### Data extract
┄┄┄┄┄┄
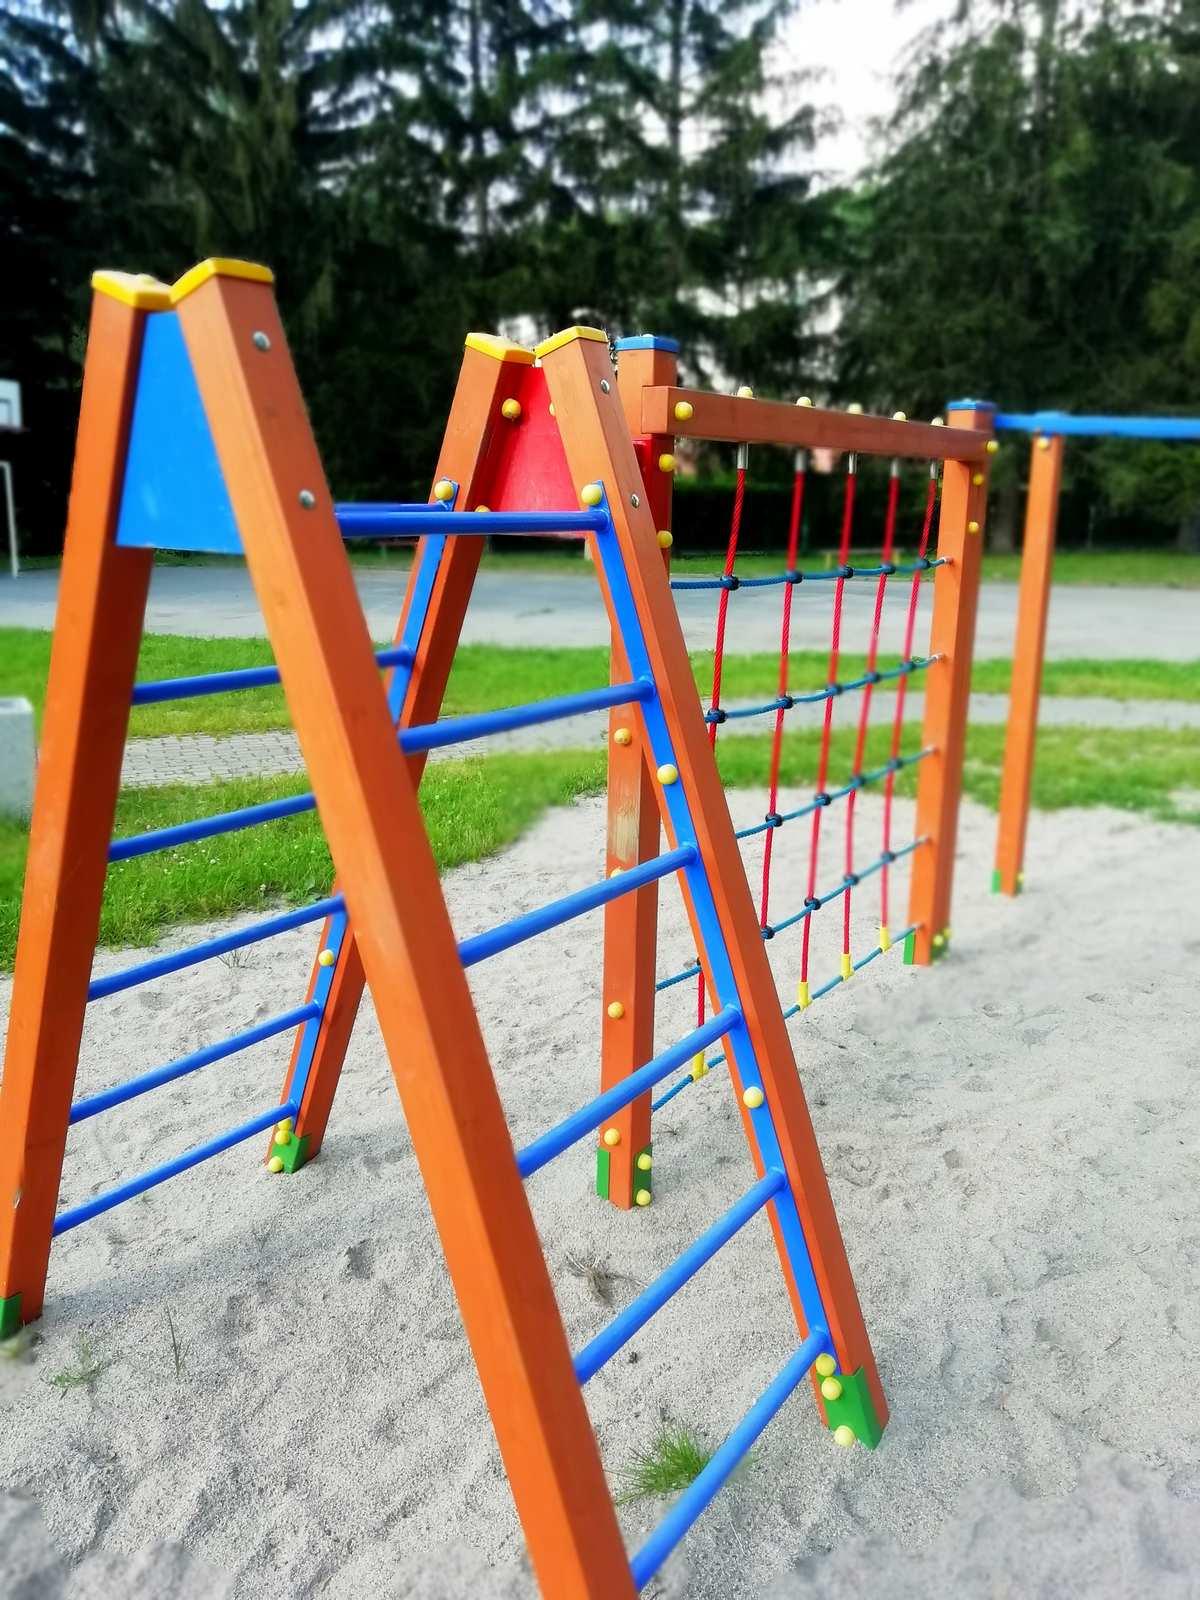 park fitness i plac zabaw apartamentu fabryka endorfin w kłodzku/fitness park and playground in apartment Fabryka Endorfin Klodzko
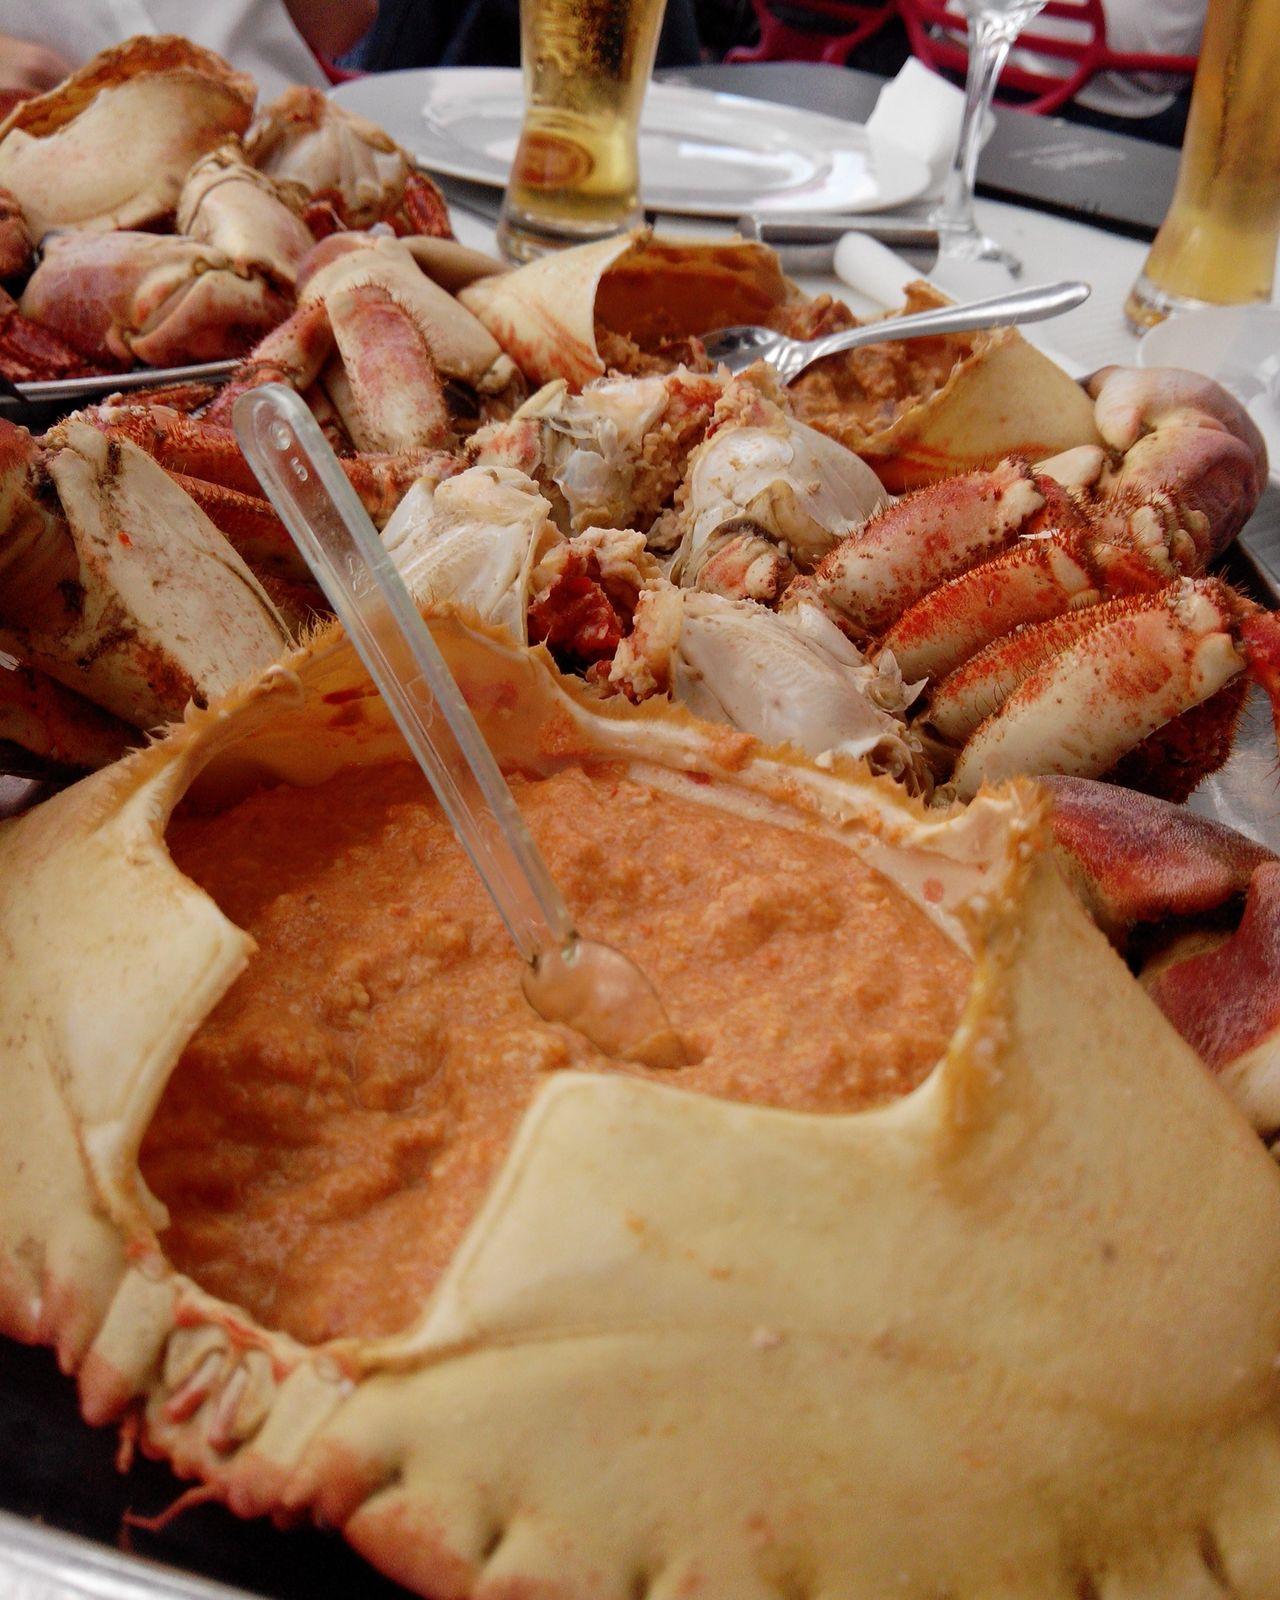 Seafood Seafoods Crabs Crab Manjar Marisco Sapateira Santacruz FestivaldoMarisco Crabfest
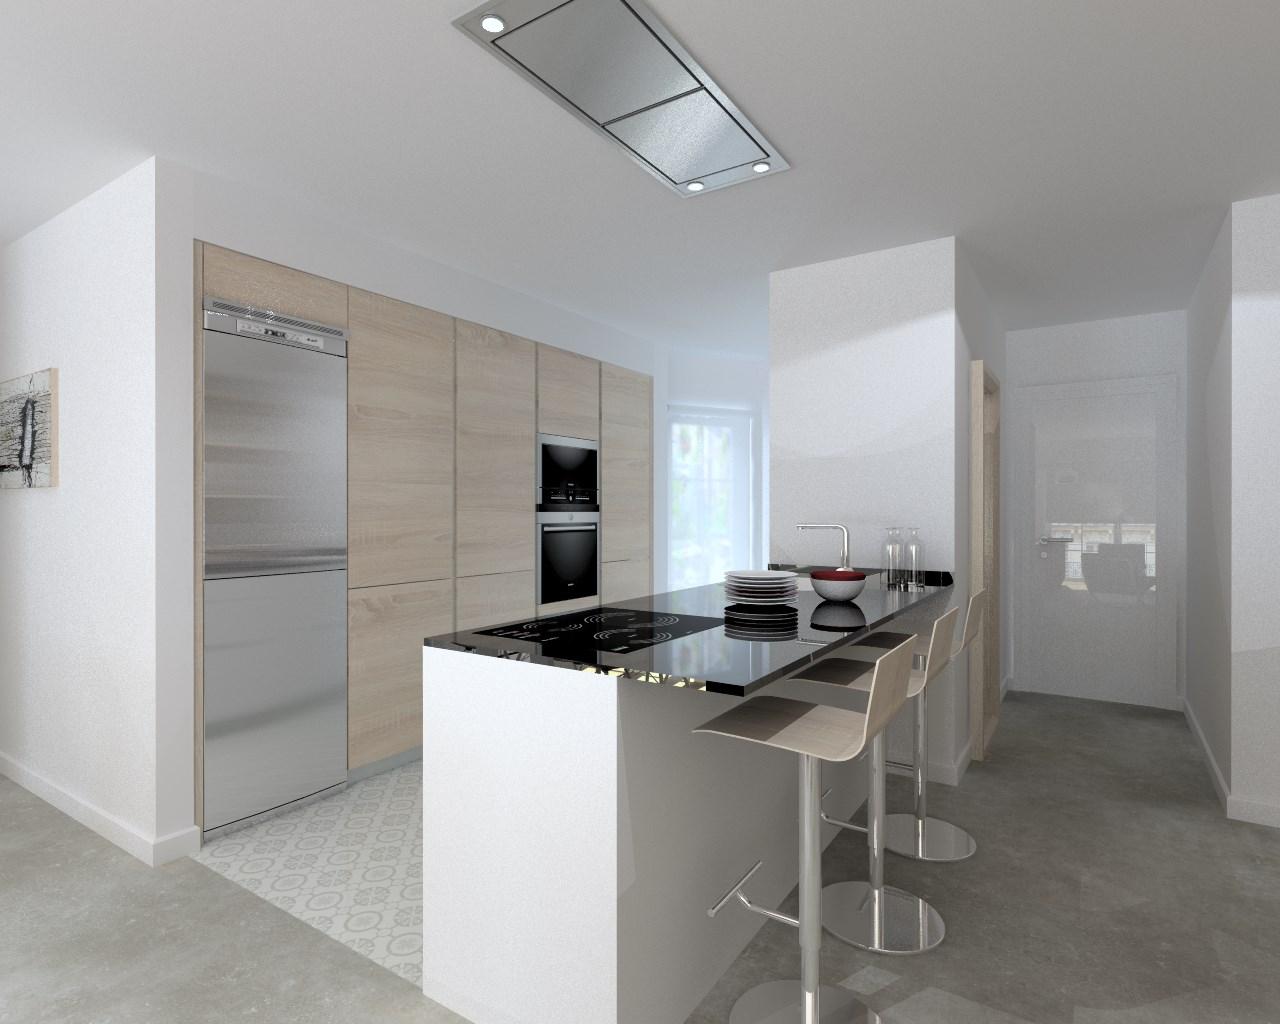 Cocina santos modelo line e blanco encimera granito negro for Encimera cocina granito
┄┄┄┄┄┄
A faithful copy of all the lines above is needed, with the pictures omitted.

### Output for this task
 park fitness i plac zabaw apartamentu fabryka endorfin w kłodzku/fitness park and playground in apartment Fabryka Endorfin Klodzko
 Seafood Seafoods Crabs Crab Manjar Marisco Sapateira Santacruz FestivaldoMarisco Crabfest
 Cocina santos modelo line e blanco encimera granito negro for Encimera cocina granito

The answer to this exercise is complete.